HR814-119

Introduced

To amend the Consumer Financial Protection Act of 2010 to limit to $0 the amount that the Director of the Bureau of Consumer Financial Protection may request to fund the activities of the Bureau.

119th Congress Introduced Jan 28, 2025

Analysis under review: This bill has generated analysis that may be too generic or incomplete. Clause-level evidence remains available below.

Summary

What This Bill Does

This bill, To amend the Consumer Financial Protection Act of 2010 to limit to $0 the amount that the Director of the Bureau of Consumer Financial Protection may request to fund the activities of the Bureau., changes federal law or congressional policy affecting financial institutions, investors, and borrowers. The main policy domain is Finance.

Who Benefits and How

financial institutions, investors, and borrowers may benefit from new authority, funding, eligibility, regulatory clarity, or reduced risk created by the bill.
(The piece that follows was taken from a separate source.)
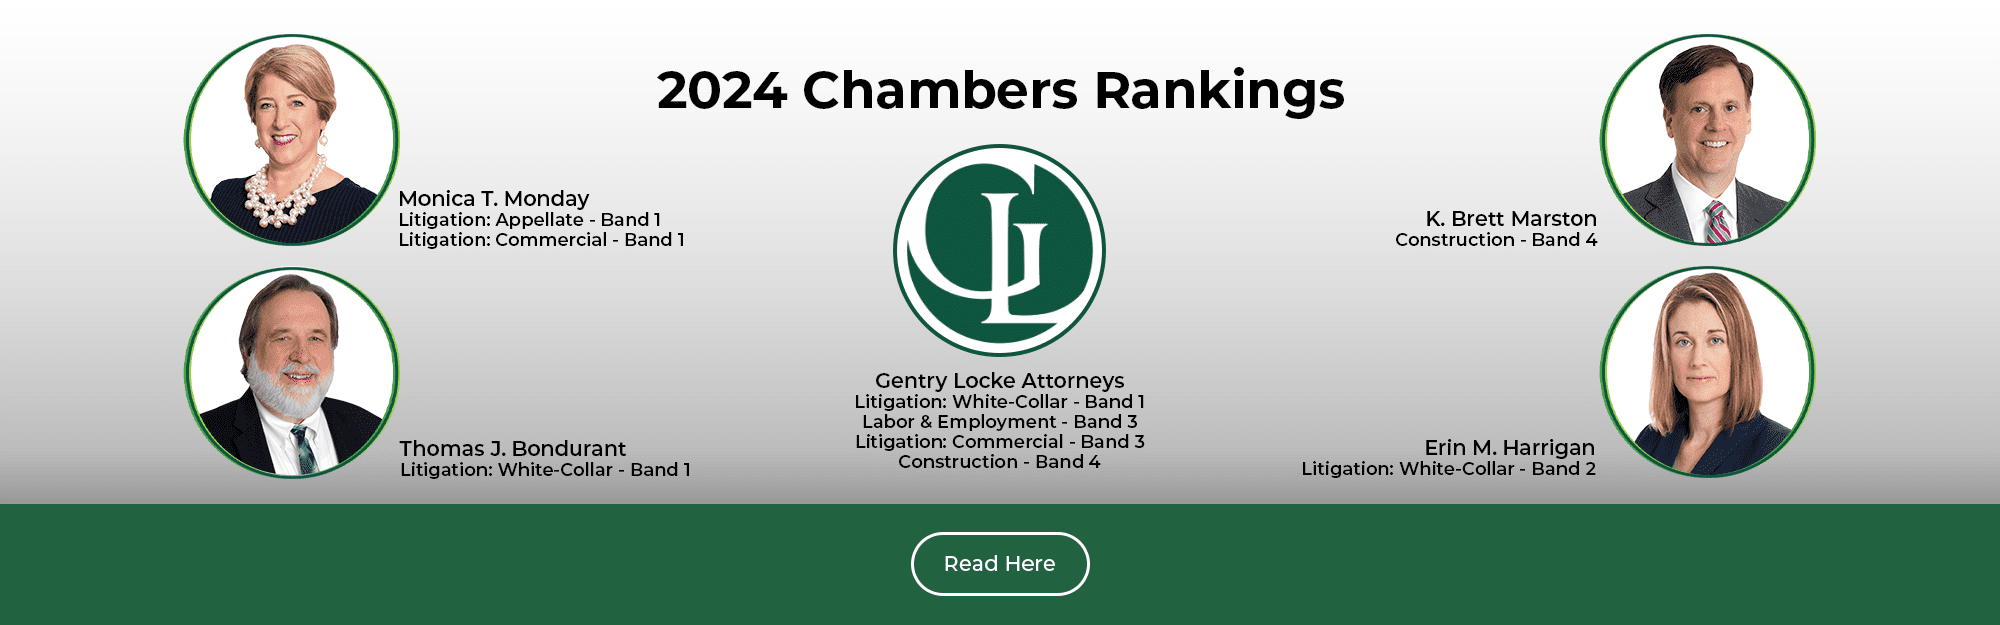 Chambers 2024 Rankings

Who Bears the Burden and How

federal implementing agencies, financial institutions, investors, and borrowers may take on implementation duties, reporting obligations, compliance costs, or oversight responsibilities.

Key Provisions

  • Section H1B94B880751D43BC8443E7DB362F3AC8: 1. Short title This Act may be cited as the Defund the CFPB Act.
  • Section HDE6433BF44934653BF82F8D6513ED9B3: 2. Limiting funding of bureau of consumer financial protection Section 1017(a) of the Consumer Financial Protection Act of 2010 (12 U.S.C. 5497(a)) is amended—...

Evidence Chain:

This summary is generated from the full bill text using AI analysis. Expand "Detailed Analysis" below for identified beneficiaries/burden bearers with clause-level evidence links.

At a Glance

What This Bill Does

This bill, To amend the Consumer Financial Protection Act of 2010 to limit to $0 the amount that the Director of the Bureau of Consumer Financial Protection may request to fund the activities of the Bureau., changes federal law or congressional policy affecting financial institutions, investors, and borrowers.

Key Policy Areas

Finance

Primary Purpose

This bill, To amend the Consumer Financial Protection Act of 2010 to limit to $0 the amount that the Director of the Bureau of Consumer Financial Protection may request to fund the activities of the Bureau., changes federal law or congressional policy affecting financial institutions, investors, and borrowers.

Policy Domains

Finance

Whole bill

Identified Gains
  • financial institutions, investors, and borrowers
Model: codex-gpt-5 | Version: bill_summary_v2 | Source: ih
financial institutions, investors, and borrowers: ,
Identified Costs
  • federal implementing agencies
  • financial institutions, investors, and borrowers
Model: codex-gpt-5 | Version: bill_summary_v2 | Source: ih
federal implementing agencies: ,
financial institutions, investors, and borrowers: ,

Legislative Progress

Introduced
Introduced Committee Passed
Jan 28, 2025

Mr. Self (for himself, Mr. Weber of Texas, Mr. Donalds, …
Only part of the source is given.